In its infinite wisdom the England and Wales Cricket Board will begin promoting the 2009 Ashes today by launching a logo for the series and a video teasing the Australian side on its National day. The event coincides with England departing for an eight-week tour of New Zealand, where they will play two Twenty20 internationals, five one-dayers and three Tests.
The release is all well and good, in that it keeps an important sponsor happy, but it conveniently ignores the fact that England were walloped 5-0 in the last Ashes series, and that several members of the touring squad that sets off for New Zealand will not be playing in 2009 unless the pull their fingers out over the coming weeks.
The trip starts with Paul Collingwood as captain and the feisty all-rounder will want his limited over side to continue the encouraging form it has produced since he took charge. England’s limited over squad contains a handful of Test regulars and 11 players desperate to establish themselves in the Test side. New Zealand are more competent in one-day than Test cricket but the energy this group produces should be enough to see them gain further success.
Once the coloured clothing has been put away Michael Vaughan will take control for what promises to be a very important Test series for him. Vaughan and England are in desperate need of a series victory, having won just two of their eight post-2005 Ashes series. Failure to defeat a bedraggled New Zealand Test side would place Vaughan’s position as captain in jeopardy, along with the Test careers of several of England’s more experienced players.
Big performances are needed from Stephen Harmison, Matthew Hoggard, James Anderson, Andrew Strauss and Collingwood, if he is to be seriously considered for Vaughan’s position in the future. The pitches in New Zealand should offer England’s fast bowlers assistance, conditions that Harmison, Hoggard and Anderson must exploit if they wish to retain their places in the side.

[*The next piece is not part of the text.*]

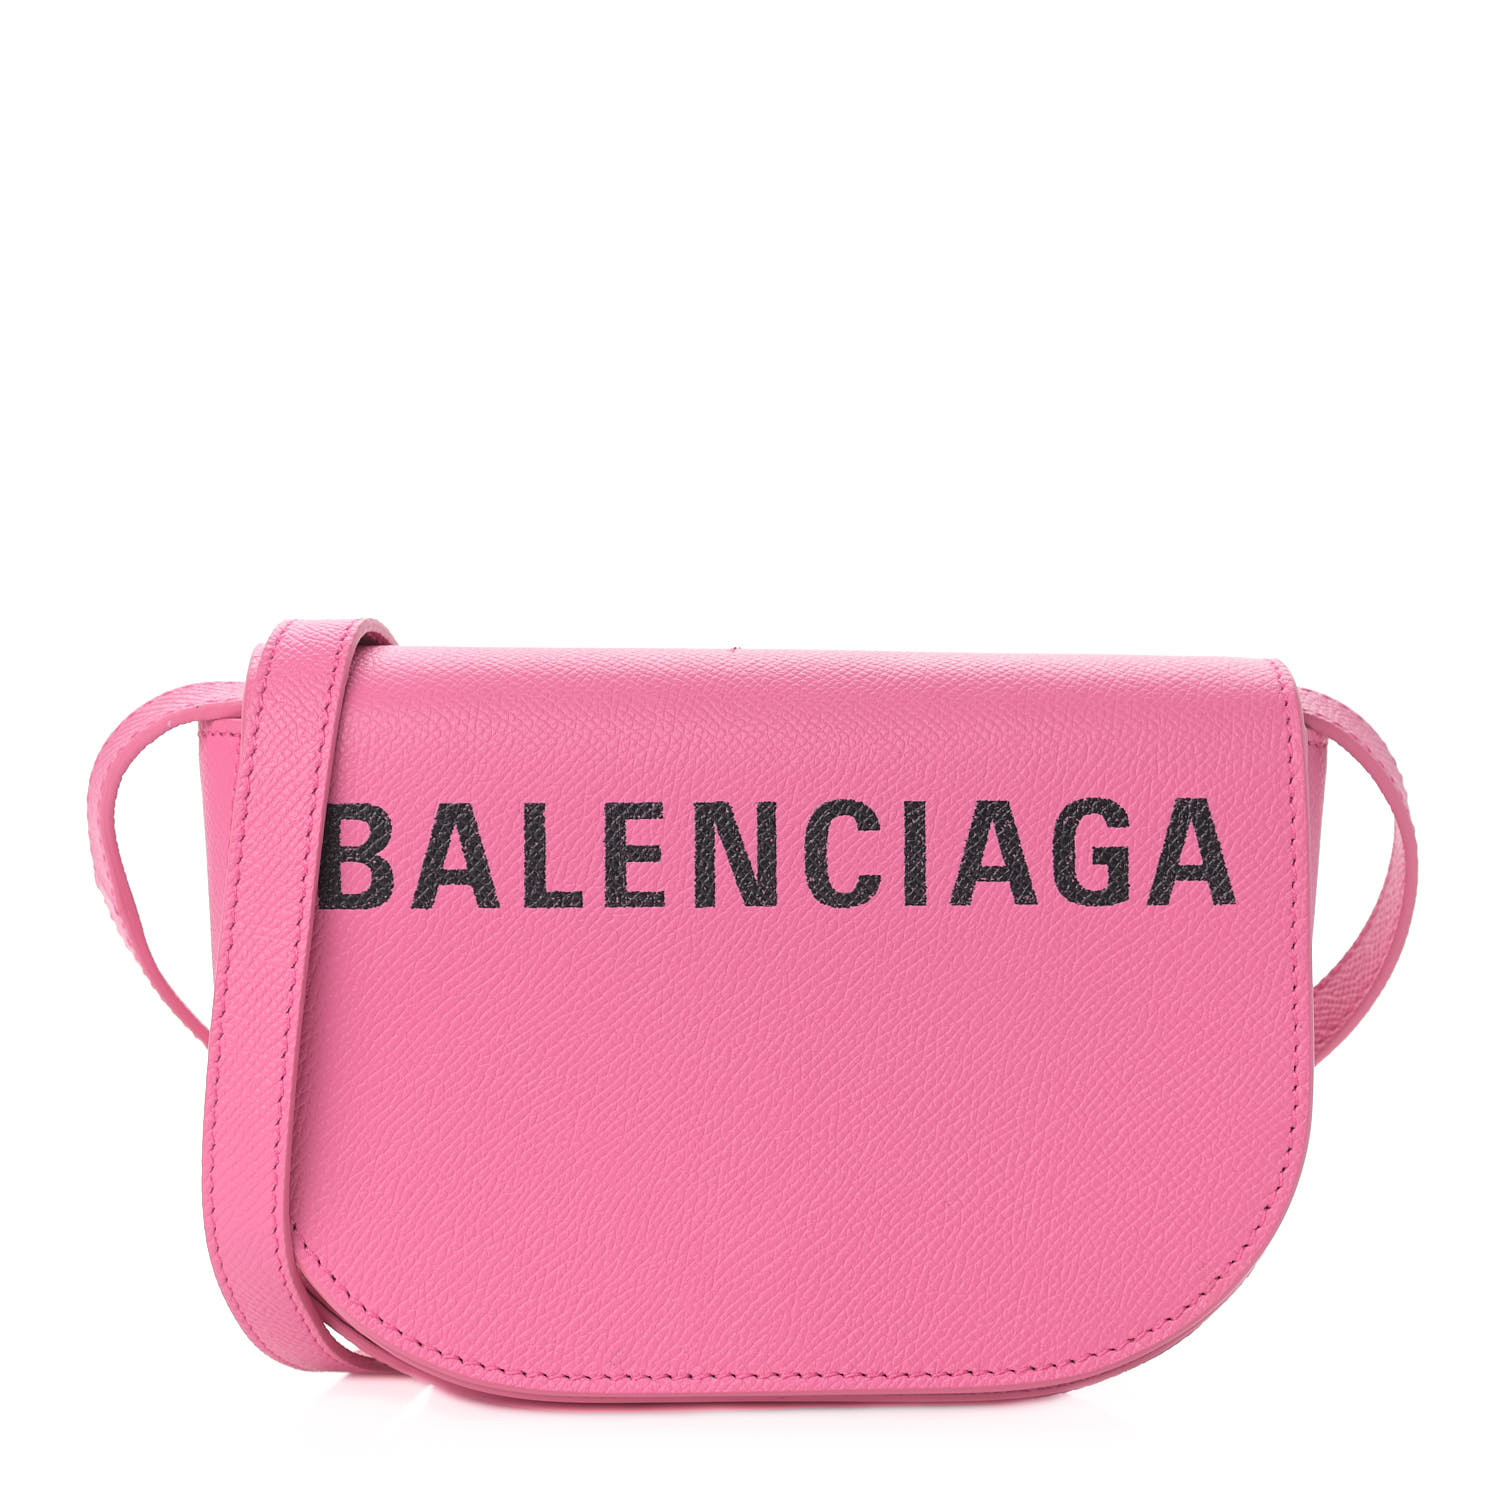 Jeg bærer tøj eksplicit Manners BALENCIAGA Grained Calfskin Logo Print Ville Day Bag Acid Pink 908555 |  FASHIONPHILE

Strauss looks set to reclaim his place at the top of the order, with Vaughan moving to three and Ian Bell being pushed down to six. A four month rest will have helped Strauss but he too needs to perform. If these players fail to produce match-winning displays the selectors will be encouraged to introduce younger, fresher players in the summer so that they can gain 12 months and 15 Tests of experience before Australia arrive.
New Zealand are there for the taking. The Black Caps are not a happy bunch. The coach, John Bracewell, is not very popular, the deposed captain, Stephen Fleming is, apparently, counting down the days to his retirement, and in the last 12 months they have lost several senior players. There are fears that more will disappear too, choosing lucrative Twenty20 contracts in India ahead of those offered by the New Zealand Cricket Board.
Shane Bond, the side’s star bowler, is currently in a legal battle with the NZC after agreeing a three year deal with the rebel Indian Cricket League. Initially Bond was told by NZC that his international career would not be threatened if he signing up with ICL, but this changed when the Board of Control for Cricket in India began flexing its muscles. In an attempt to blow the ICL out of the water and promote its own Twenty20 competition, the Indian Premier League, the BCCI has asked other boards to ban players who sign for ICL. The BCCI’s financial clout is persuading other boards to do as they say. Bond is unlikely to play against England.
The changes leave New Zealand with a threadbare side that is yet to find a settled opening combination, whether it be with the bat or ball. Fleming, Jacob Oram, Brendon McCullum and Daniel Vettori, the captain, are the spine of a side that will compete hard but England should expect to comfortably win the series.
“It’s the start of a new year and it’s an exciting time,” said Peter Moores, the England coach.